# How Concerned Should I be about Moving from Mild Roach Infestation?



## BuggedOut (Aug 2, 2012)

*Update on situation*

So I talked to our current landlord today, and they said they had discovered one of the neighbours had a bad infestation and they think that is ground zero. They sprayed a few days ago so that could explain why I saw the one scurrying around our door. They offered to spray our place before we moved, but I'm wondering if that is overkill. It would be a lot of work and we have a cat.

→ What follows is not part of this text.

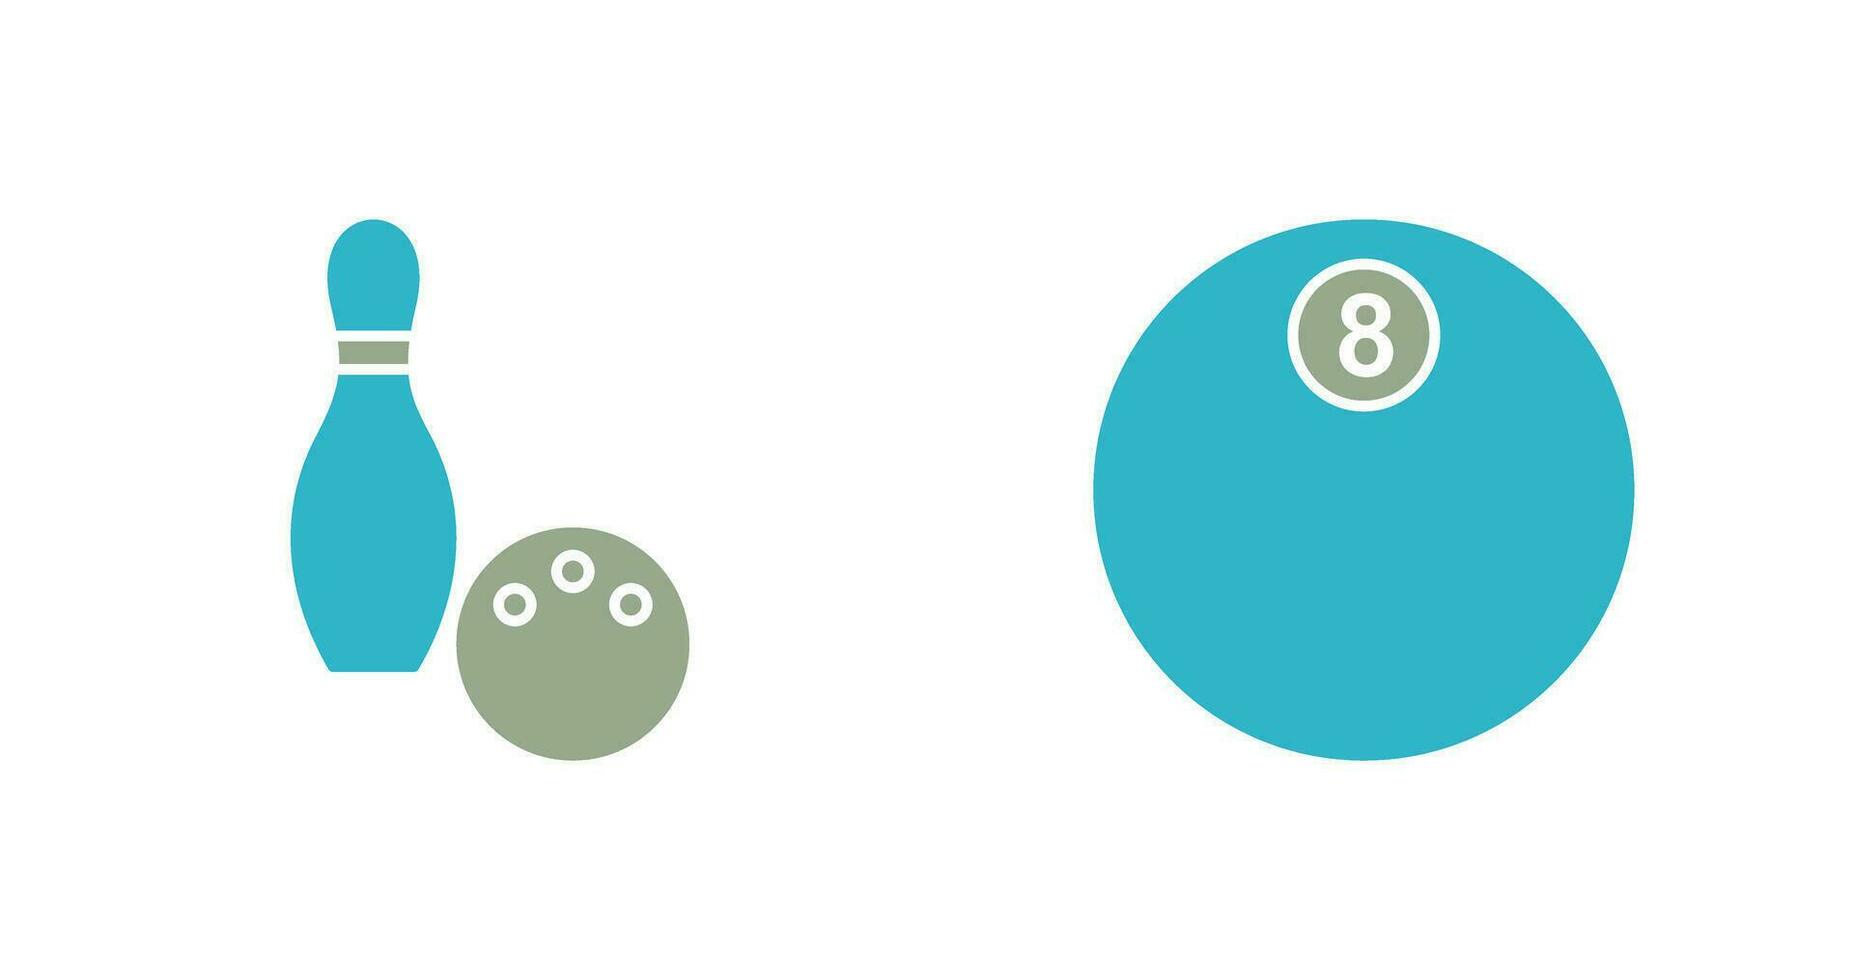 Bowling und acht Ball Symbol vektor

I'm considering if putting combat bait traps in the moving boxes might be enough?

I could really use some input if anyone has any---I'm just not sure how to proceed.


----------



## DangerMouse (Jul 17, 2008)

BuggedOut said:


> We see a sickly cockroach about once a month, although I did just kill a healthy looking one outside our front door which was butting it's head against the door sweep we installed.


It's when they send a scout to ring the doorbell so the others can zip in when you answer the door you REALLY need to start worrying... :laughing:

I wouldn't be TOO concerned if you do not now have a full blown infestation. There's always the possibility they can follow you, of course, but gel baits can take care of them pretty quickly. I wish you well in your move.

DM


----------



## BuggedOut (Aug 2, 2012)

Thanks, Danger Mouse, that makes me feel a lot better. We have decided to just pack bait traps in every box and spread them around our new place until they expire, and not get sprayed in this apartment. We are moving to a single family detached dwelling from a multiple unit apartment building, so we figure if anything follows us at least we will probably be able to get it under control rather than constantly having to keep the tide of pests at bay, which is the situation we have in this building (what kind of person doesn't report roaches until it's a full blown infestation? And what ELSE are they not reporting?)

I know no one can tell us for sure, but having a bit of feedback on this support forum eases the mind somewhat.


----------



## DangerMouse (Jul 17, 2008)

Sounds like a good plan, glad I could help.



DM


----------